Week 11: Messy Data

This week we are going to do a short exercise on working with different kinds of data. The datasets we've used in our in-class exercises have mostly been pretty clean; we're going to use multiple representations of the same underlying data to see the different ways data can be represented while still conforming to a common file format.

The data this week is drawn from a well-known paper on the effect of shark attacks on the 1912 presidential election. The result---that Woodrow Wilson may have lost his home state of New Jersey because he was blamed for shark attacks that happened while he was governor of the state---has been controversial.

In [1]:
import csv
import json
from pprint import pprint as pretty_print

(1.1) We're going to be working with files a lot today. For this, we'll want a convenient way to peek at the contents of a file. Write a head() function that takes a filename and prints the first $n$ lines of the file.

In [2]:
def head(fname, n=5):
    """Print the first n lines of a file."""
    with open(fname, "r") as fin:
        for line in fin.readlines()[:n]:
            print(line.strip())

A quick digression on context managers. In previous weeks, we opened a file, did something with the contents of the file, and then had to remember to close the file. We can simplify this by using a context manager and the with keyword.

with open(filename, "r") as my_file:
    do_stuff_with_my_file()

Here we open a file (called filename) and assign it to a variable called my_file. This is equivalent to writing:

my_file = open(filename, "r")

The with keyword defines a new indented block - the context in which we are using the file. When we exit this block, either by returning to the previous level indentation, or by encountering an error, the context manager calls my_file.close() for us.

(1.2) Let's begin by peeking at sharks.csv. This is a pretty generic CSV.

In [3]:
head("bad_sharks/shark.csv")
county,wilson1912,wilson1916,beach,machine,mayhew,attack,coastal
"ATLANTIC, NJ",0.36045312881469727,0.36012208461761475,1,0,0,0,1
"BERGEN, NJ",0.42121848464012146,0.3835897445678711,0,1,0,0,1
"BURLINGTON, NJ",0.4130434989929199,0.4256618916988373,0,0,0,0,0
"CAMDEN, NJ",0.3939720094203949,0.4330543875694275,0,0,1,0,1

Parsing nightmares. You might notice that .strip().split() is going to not work here. Occasionally, there will be characters in the file that present a problem for parsing. For example, what if you have a CSV, but one of the values contains a comma? That would be troublesome. The common workaround for this is to wrap that variable in quotation marks. (If that field also tends to use quotation marks, then use single quotes. If it uses both, then, well, things get messy... thankfully, parsing csv files is something people have been doing with computer since the very beginning, and there is a package for that. You don't need to reinvent the wheel.

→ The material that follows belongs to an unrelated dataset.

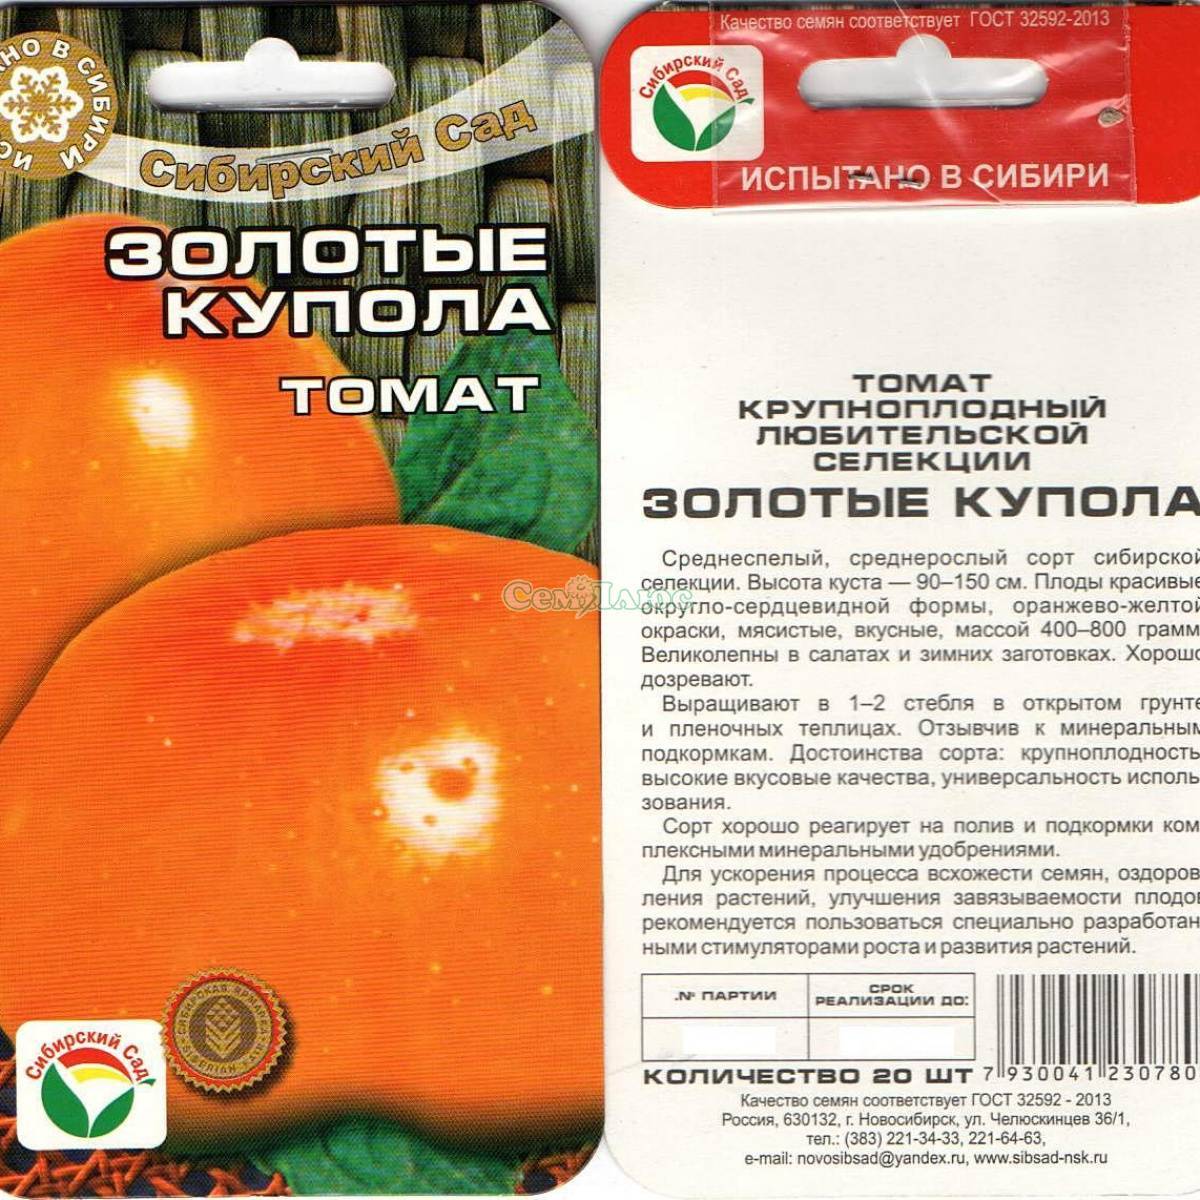 Описание и характеристики сорта томатов Золотые купола, урожайность и выращивание

(1.3) Let's open this file into a list of dictionaries using csv.DictReader.

In [4]:
# Read in the .csv file (default)

with open("bad_sharks/shark.csv", "r") as fin:
    read = csv.DictReader(fin)
    df = [line for line in read]
pretty_print(df[0])
OrderedDict([('county', 'ATLANTIC, NJ'),
             ('wilson1912', '0.36045312881469727'),
             ('wilson1916', '0.36012208461761475'),
             ('beach', '1'),
             ('machine', '0'),
             ('mayhew', '0'),
             ('attack', '0'),
             ('coastal', '1')])

Why did this work? This file conforms to the default csv format. More explicitly:

In [5]:
# Read in the .csv file with the default parameters made explicit

with open("bad_sharks/shark.csv", "r") as fin:
    read = csv.DictReader(fin, quotechar='"', fieldnames=None, delimiter=',')
    df = [line for line in read]
pretty_print(df[0])
OrderedDict([('county', 'ATLANTIC, NJ'),
             ('wilson1912', '0.36045312881469727'),
             ('wilson1916', '0.36012208461761475'),
             ('beach', '1'),
             ('machine', '0'),
             ('mayhew', '0'),
             ('attack', '0'),
             ('coastal', '1')])

(2.0) Now we're going to load non-default files!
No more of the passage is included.